One of the things that might not be so apparent is that when you deploy these to something like AWS all the users/process mgmt/etc. gets shifted up and out of the instance you control and put into the cloud layer - I feel that would be hard to do with physical boxen cause it becomes a slippery slope of having certain operations (such as updates) needing auth for instance.

> Suppose you control the entire stack though, from the bare metal up. (Correct me if I'm wrong, but) Toro doesn't seem to run on real hardware, you have to run it atop QEMU or Firecracker. In that case, what difference does it make if your application makes I/O requests through paravirtualized interfaces of the hypervisor or talks directly to the host via system calls? Both ultimately lead to the host OS servicing the request. There isn't any notable difference between the kernel/hypervisor and the user/kernel boundary in modern processors either; most of the time, privilege escalations come from errors in the software running in the privileged modes of the processor.

Toro can run on baremetal although I stopped to support on that a few years ago. I tagged in master the commit when this happened. Also, I removed the TCP/IP Stack in favor to VSOCK. Those changes, though, could be reversed in case there is interest on those features.

> In that case, what difference does it make if your application makes I/O requests through paravirtualized interfaces of the hypervisor or talks directly to the host via system calls?

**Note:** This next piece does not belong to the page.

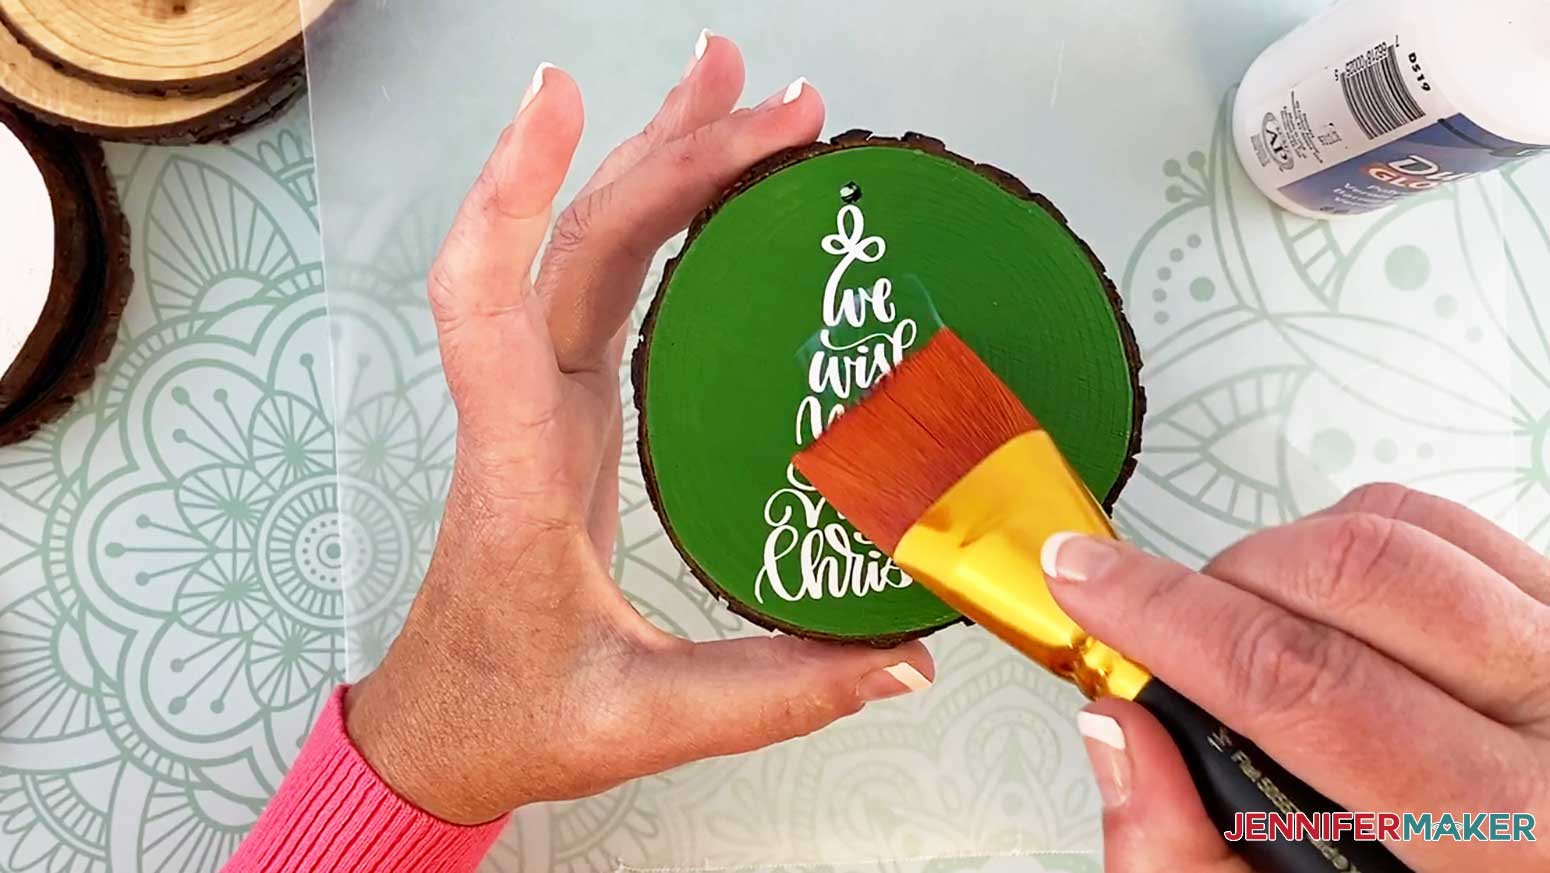 Paint duraclear over the wood slice ornament to protect it

Hypervisors expose a much smaller API surface area to their tenants than an operating system does to its processes which makes them much easier to secure.

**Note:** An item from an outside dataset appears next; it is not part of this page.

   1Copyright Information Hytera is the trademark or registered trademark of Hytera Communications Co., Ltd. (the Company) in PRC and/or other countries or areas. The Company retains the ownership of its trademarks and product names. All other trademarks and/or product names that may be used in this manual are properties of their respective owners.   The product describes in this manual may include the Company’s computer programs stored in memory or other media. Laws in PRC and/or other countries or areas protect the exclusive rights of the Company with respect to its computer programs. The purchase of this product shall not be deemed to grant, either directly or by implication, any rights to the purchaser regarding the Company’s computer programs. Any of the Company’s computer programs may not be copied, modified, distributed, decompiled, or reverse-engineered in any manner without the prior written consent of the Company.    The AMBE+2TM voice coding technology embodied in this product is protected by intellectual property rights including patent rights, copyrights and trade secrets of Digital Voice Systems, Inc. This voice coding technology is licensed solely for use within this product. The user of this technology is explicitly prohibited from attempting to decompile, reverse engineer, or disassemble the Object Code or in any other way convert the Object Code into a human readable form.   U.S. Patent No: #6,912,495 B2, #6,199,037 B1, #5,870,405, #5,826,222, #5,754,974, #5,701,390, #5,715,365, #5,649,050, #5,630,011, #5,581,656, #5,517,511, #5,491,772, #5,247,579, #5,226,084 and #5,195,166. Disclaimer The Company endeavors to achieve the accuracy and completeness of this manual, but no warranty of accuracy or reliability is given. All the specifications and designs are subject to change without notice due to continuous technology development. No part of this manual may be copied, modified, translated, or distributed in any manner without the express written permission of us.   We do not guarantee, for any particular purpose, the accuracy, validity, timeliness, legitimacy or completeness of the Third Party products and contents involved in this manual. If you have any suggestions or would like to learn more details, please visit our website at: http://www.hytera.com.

Let's see last month (November 2025) we had CVE-2025-31133, CVE-2025-52565, and CVE-2025-52881 alone. Container breakouts happen almost monthly.

A shell by design is explicitly made to run other programs. You type in 'ls', 'cd', 'cat', etc. but those are all different programs. A "webshell" can work to a degree as you could potentially upload files, cat files, write to files, etc. but you aren't running other programs under these conditions - that'd be code you're executing - scripting languages make this vastly easier than compiled ones. It's a lot more than just slapping a heavy-handed seccomp profile on your app.

Also merging the address space is not a necessity. In fact - 64-bit (which is essentially all modern cloud software) mandates virtual memory to begin with and many unikernel projects support elf loading.

Windows has containers?

To be clear there are still numerous attacks one might lob at you. For instance you if you are running a node app and the attacker uploads a new js file that they can have the interpreter execute that's still an issue. However, you won't be able to start running random programs like curling down some cryptominer or something - it'd all need to be contained within that code.

What becomes harder is if you have a binary that forces you to rewrite the program in memory as you suggest. That's where classic page protections come into play such as not exec'ing rodata, not writing to txt, not exec'ing heap/stack, etc. Just to note that not all unikernel projects have this and even if they do it might be trivial to turn them off. The kernel I'm involved with (Nanos) has other features such as 'exec protection' which prevents that app from exec-mapping anything not already explicitly mapped exec.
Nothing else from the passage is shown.